For any MongoDB deployment, the Mongo Spark Connector sets the preferred location for an RDD to be where the data is:

  • For a non sharded system, it sets the preferred location to be the hostname(s) of the standalone or the replica set.

  • For a sharded system, it sets the preferred location to be the hostname(s) of the shards.

To promote data locality,

Spark streams can be considered as a potentially infinite source of RDDs. Therefore, anything you can do with an RDD, you can do with the results of a Spark Stream.

For an example, see SparkStreams.scala

In MongoDB deployments with mixed versions of mongod, it is possible to get an Unrecognized pipeline stage name: '$sample' error. To mitigate this situation, explicitly configure the partitioner to use and define the Schema when using DataFrames.

Some custom MongoDB BSON types, such as ObjectId, are unsupported in Spark.

The MongoDB Spark Connector converts custom MongoDB data types to and from extended JSON-like representations of those data types that are compatible with Spark. See DataTypes for a list of custom MongoDB types and their Spark counterparts.

To create a standard Dataset with custom MongoDB data types, use fieldTypes helpers:

import com.mongodb.spark.sql.fieldTypes
case class MyData(id: fieldTypes.ObjectId, a: Int)
val ds = spark.createDataset(Seq(MyData(fieldTypes.ObjectId(new ObjectId()), 99)))

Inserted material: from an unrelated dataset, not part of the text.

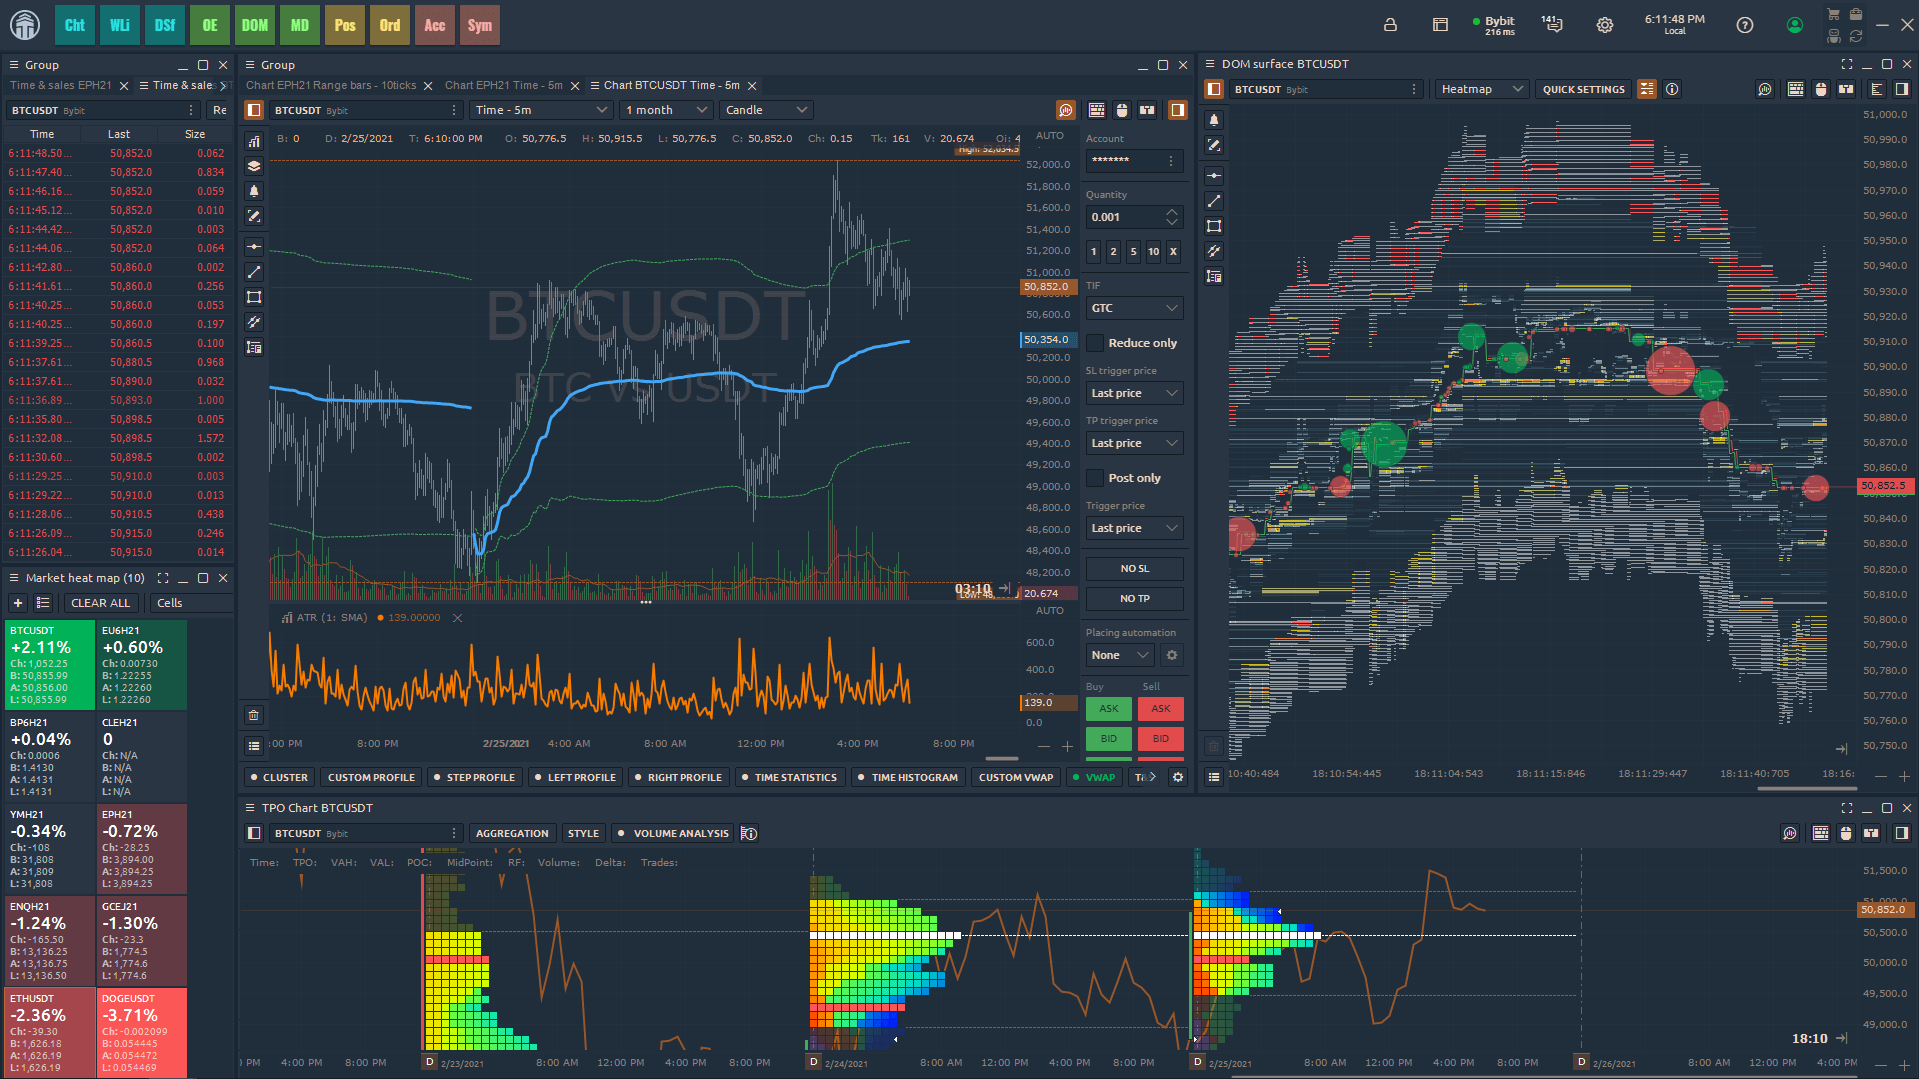 Use advanced trade analysis for Bybit in Quantower
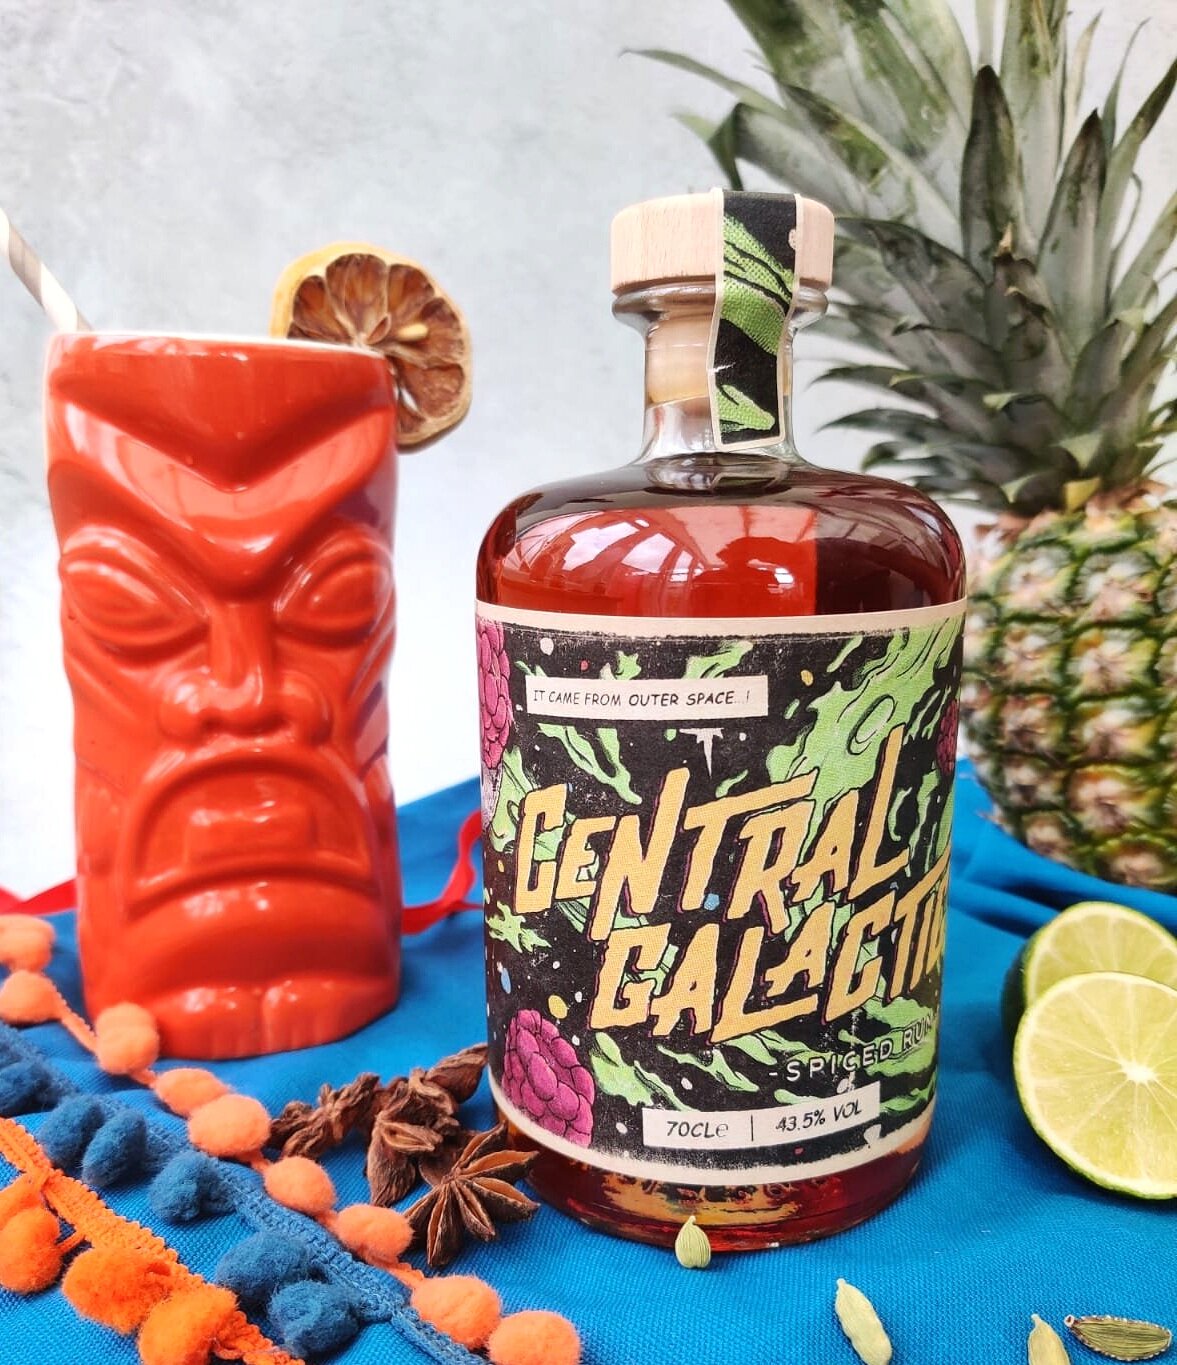 central galactic spiced rum cocktail recipe

The preceding example creates a Dataset containing the following fields and data types:

  • The id field is a custom MongoDB BSON type, ObjectId, defined by fieldTypes.ObjectId.

  • The a field is an Int, a data type available in Spark.

To create a DataFrame with custom MongoDB data types, you must supply those types when you create the RDD and schema:

  • Create RDDs using custom MongoDB BSON types (e.g. ObjectId). The Spark Connector handles converting those custom types into Spark-compatible data types.

  • Declare schemas using the StructFields helpers for data types that are not natively supported by Spark (e.g. StructFields.objectId). Refer to DataTypes for the mapping between BSON and custom MongoDB Spark types.

import org.apache.spark.sql.Row
import org.apache.spark.sql.types.{StructType, StructField, IntegerType}
import com.mongodb.spark.sql.helpers.StructFields
val data = Seq(Row(Row(new ObjectId().toHexString()), 99))
val rdd = spark.sparkContext.parallelize(data)
val schema = StructType(List(StructFields.objectId("id", true), StructField("a", IntegerType, true)))
val df = spark.createDataFrame(rdd, schema)

The preceding example creates a DataFrame containing the following fields and data types:

  • The id field is a custom MongoDB BSON type, ObjectId, defined by StructFields.objectId.

  • The a field is an Int, a data type available in Spark.